Il ne s’agissait donc plus, pour devenir un créateur, d’acquérir au moyen d’exercices ingrats des qualités mécaniques étrangères : de piocher et gommer en vain et sottement. […] Il fallait à tout prix abandonner ce fol espoir de s’enfouir sous l’amas des débris personnels et d’accepter de résoudre immédiatement ou jamais ses propres problèmes de figuration, d’expression. La route de l’expérimentation individuelle était ouverte. L’élève n’apparaissait plus comme un sac à tout mettre, mais comme un individu à un moment précis de son développement.
Le texte de Borduas dans Refus global est né de ses expériences avec ces étudiants. Il s’y attaque à deux facteurs de cette dépersonnalisation : la religion catholique, avec son insistance sur les dogmes et ses obsessions sexuelles, et l’identité canadienne-française exprimée à travers la langue et un mode de vie rural traditionnel.
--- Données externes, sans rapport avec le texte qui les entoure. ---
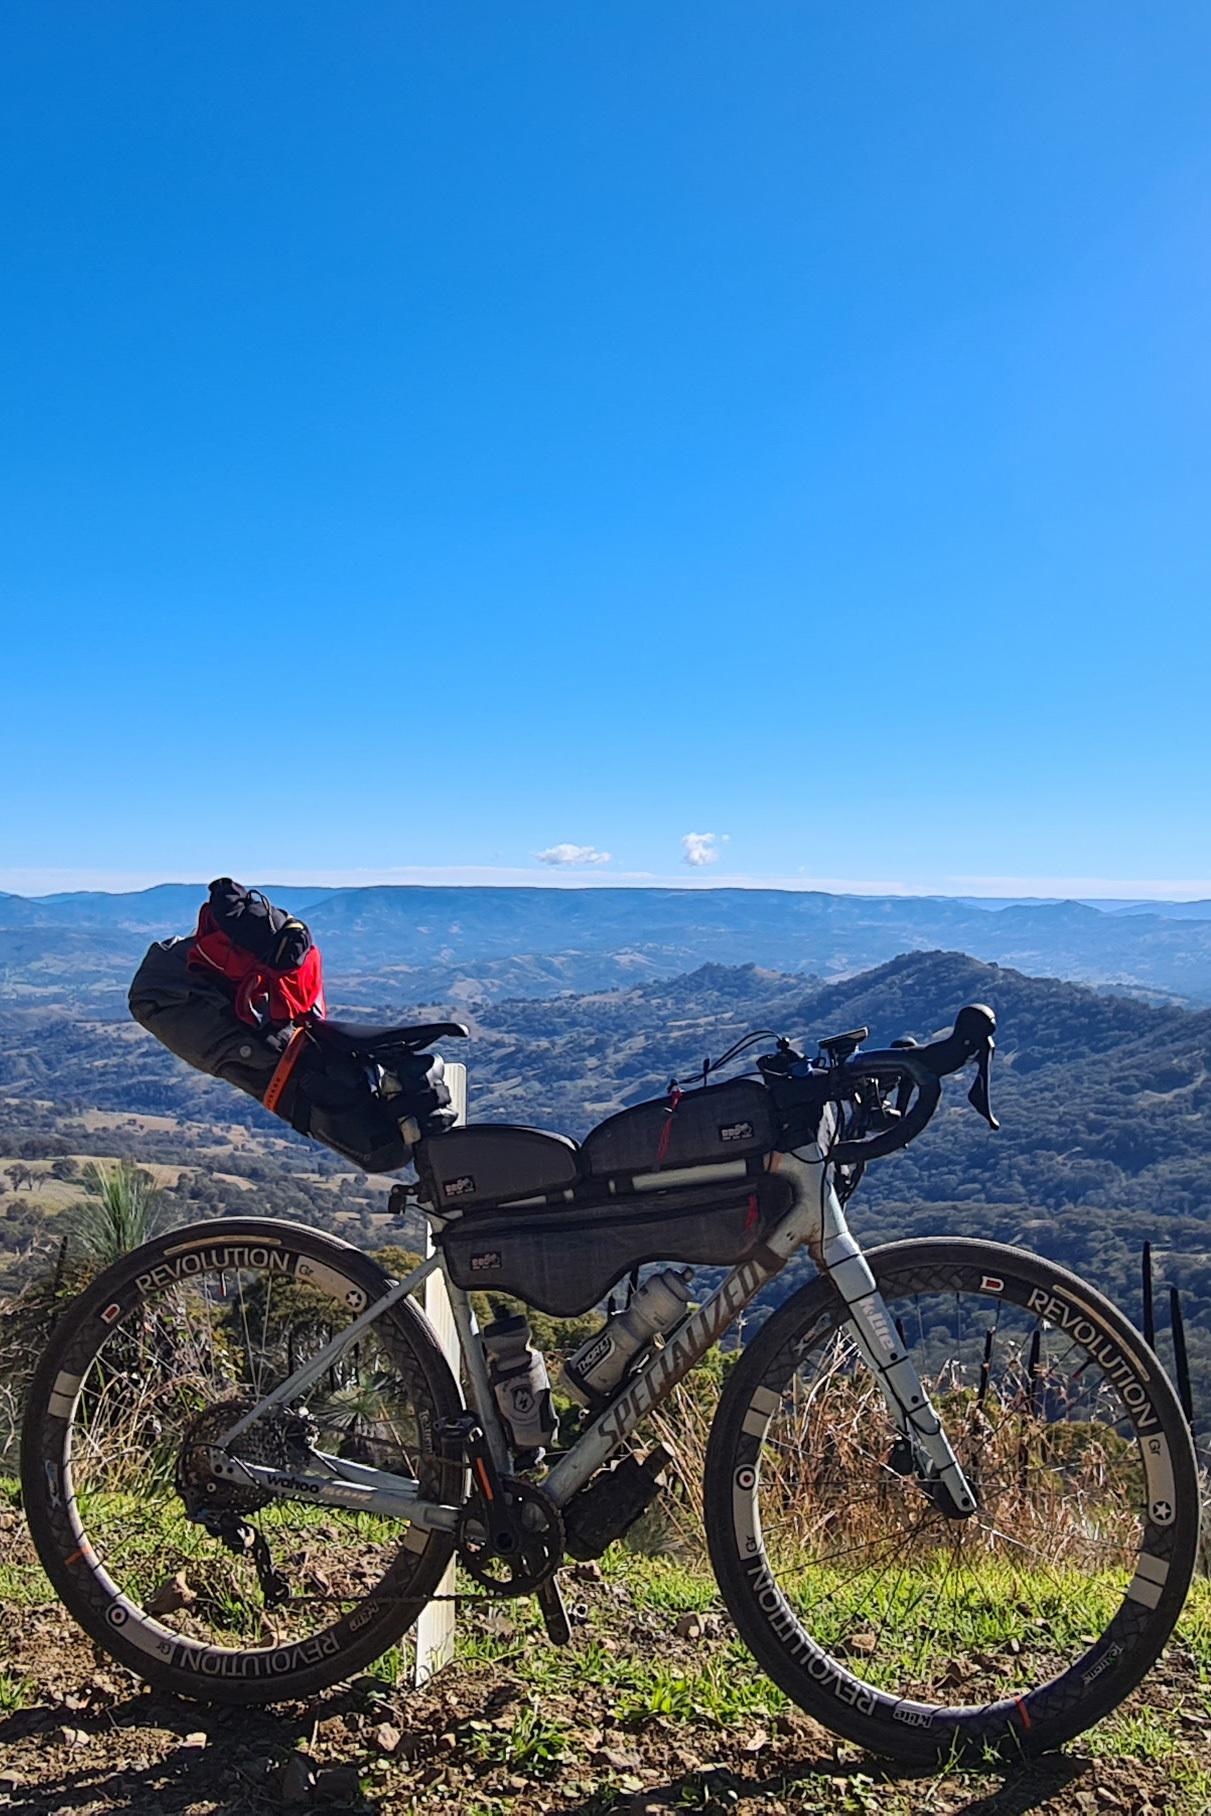 Bikepacking bags made in Australia by BikeBagDude

Hors de ces deux systèmes de valeurs, point de salut, et leur conséquence est l’enfermement dans une sorte de ghetto québécois, méfiant de tout ce qui pourrait venir du dehors — y compris le reste du Canada. (Le roman Deux solitudes de Hugh MacLennan décrit les relations conflictuelles entre anglophones et francophones du Québec à cette époque.) C’est un univers de la peur : « Peur des préjugés — de l’opinion publique — des persécutions — de la réprobation générale; peur d’être seul sans Dieu et la société qui isolent très infailliblement […] peur des relations neuves; peur du surrationnel [sic]; peur des nécessités; peur des écluses grand ouvertes sur la foi en l’homme — en la société future. » Courber l’échine, se conformer, rejoindre le troupeau deviennent les solutions du grand nombre; seuls les définisseurs de culture — le clergé en tête et les responsables politiques — y trouvent leur compte. Et rien ne change dans le Québec de la « survivance ». D’où le cri, au milieu du manifeste : « Au diable le goupillon et la tuque! Mille fois ils extorquèrent ce qu’ils donnèrent jadis. » Pour en sortir, définitivement, le manifeste ne voit que l’anarchie — « l’anarchie resplendissante »—, la fin du règne des définisseurs de culture.
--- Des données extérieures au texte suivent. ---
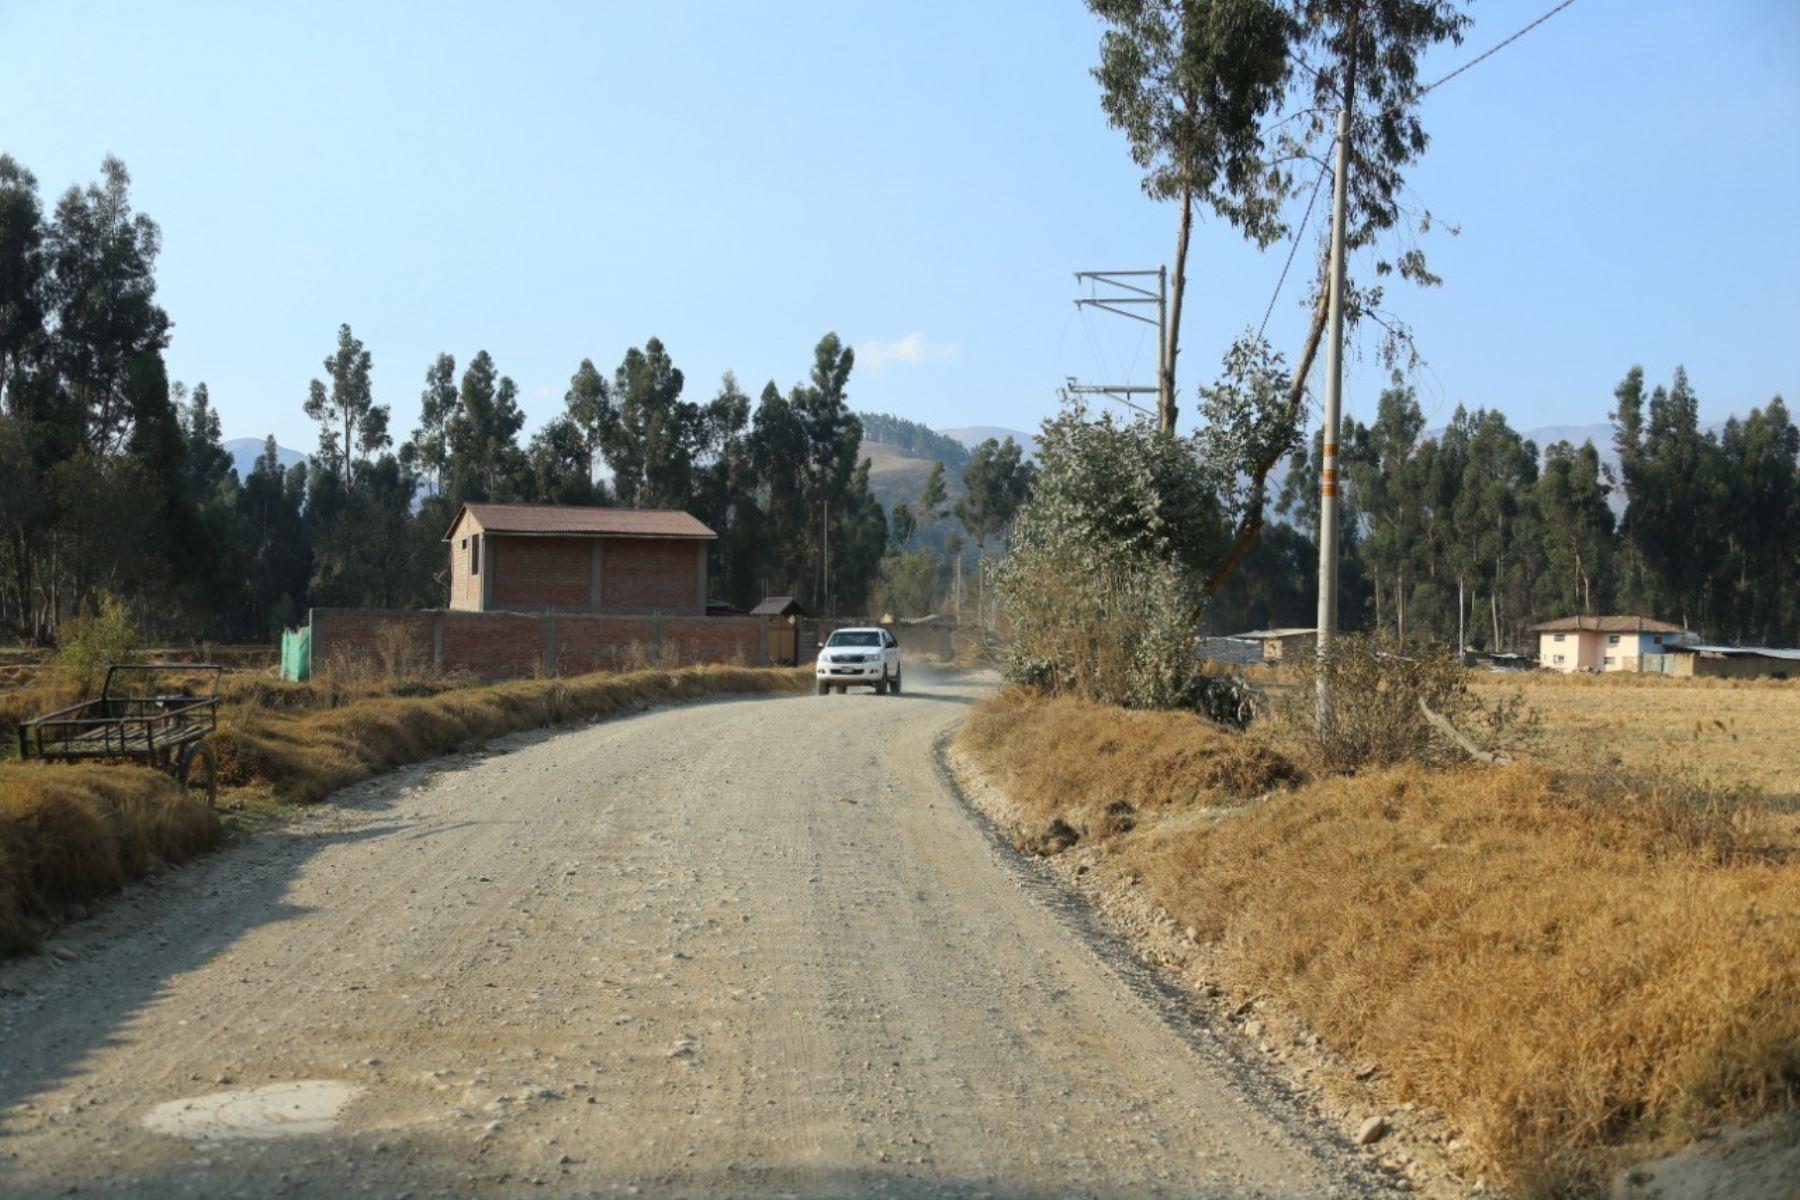 MTC invertirá S/ 195.2 millones para mejorar la carretera de Conchucos que une seis provincias de Áncash. ANDINA/Archivo

On ne peut minimiser l’importance du manifeste Refus global et son influence sur la culture canadienne-française (le terme « québécois » n’est guère utilisé jusqu’aux années 1960). Refus global est le refus de la vieille idéologie de conservation (ou de survivance), pour reprendre les termes du sociologue Marcel Rioux, qui définissent l’identité canadienne-française par la langue, mais conçue comme la gardienne de la foi, créant un fossé infranchissable entre le Québec et la majorité anglo-saxonne et protestante du reste du Canada et des États-Unis. Borduas veut rompre aussi avec l’idée selon laquelle seul le retour à la terre — l’affirmation des vieilles racines paysannes des Canadiens français, ou ce que l’on croyait telles — assurera la pureté de l’identité canadienne-française menacée par le pluralisme de la vie urbaine. Il est temps de « rattraper » l’évolution de la pensée mondiale et de s’ouvrir non seulement à l’art qui se fait ailleurs — Borduas pense surtout à Paris —, mais aussi aux idées progressistes : « Place à la magie! Place à l’amour! Place aux mystères objectifs! Place aux nécessités! »
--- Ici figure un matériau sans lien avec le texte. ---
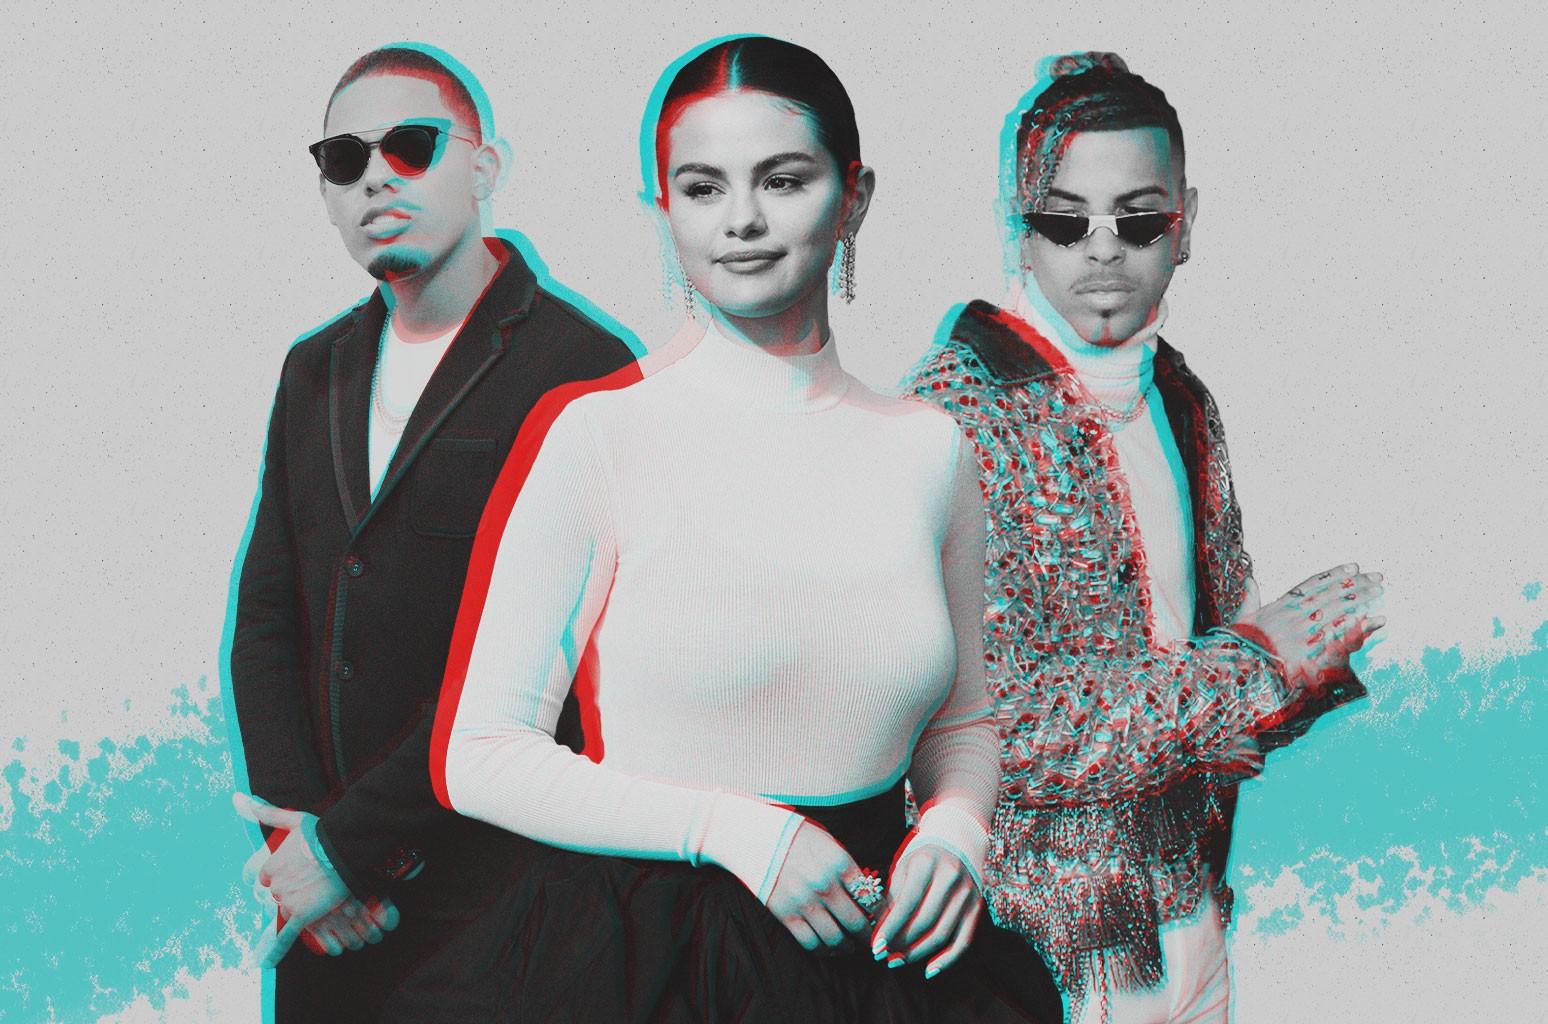 Rauw Alejandro & Myke Towers: Meet the Latin Stars on Selena Gomez's 'Revelación'

Le manifeste Refus global est lancé le 9 août 1948; le texte principal est rédigé par Borduas et contresigné par quinze membres des Automatistes. Il va sans dire que le lancement du manifeste a un impact considérable dans les mois qui suivent. Pas moins d’une centaine d’articles le dénoncent et rares sont ceux qui prennent sa défense. Même des catholiques de gauche liés parfois d’assez près à Borduas (y compris le journaliste et futur politicien Gérard Pelletier, Jacques Dubuc, un ami de Pelletier, Robert Élie, écrivain, critique d’art et futur directeur du Conseil des arts du Canada (1959) et le journaliste André Laurendeau) tiennent à s’en désolidariser, rejoignant les rangs des Roger Duhamel, Harry Bernard, Hyacinthe-Marie Robillard, O.P. et Ernest Gagnon, S.J., qui sont beaucoup plus négatifs à l’égard des idées du manifeste.
En dépit des dénonciations immédiates, le manifeste est le point de départ de changements sociaux profonds au Québec. Depuis la publication des écrits complets de Borduas, l’originalité de sa pensée devient de plus en plus évidente. Tous les dix ans, on ne manque pas de signaler au Québec l’anniversaire de la publication de Refus global qui a marqué l’aube de la Révolution tranquille au Québec.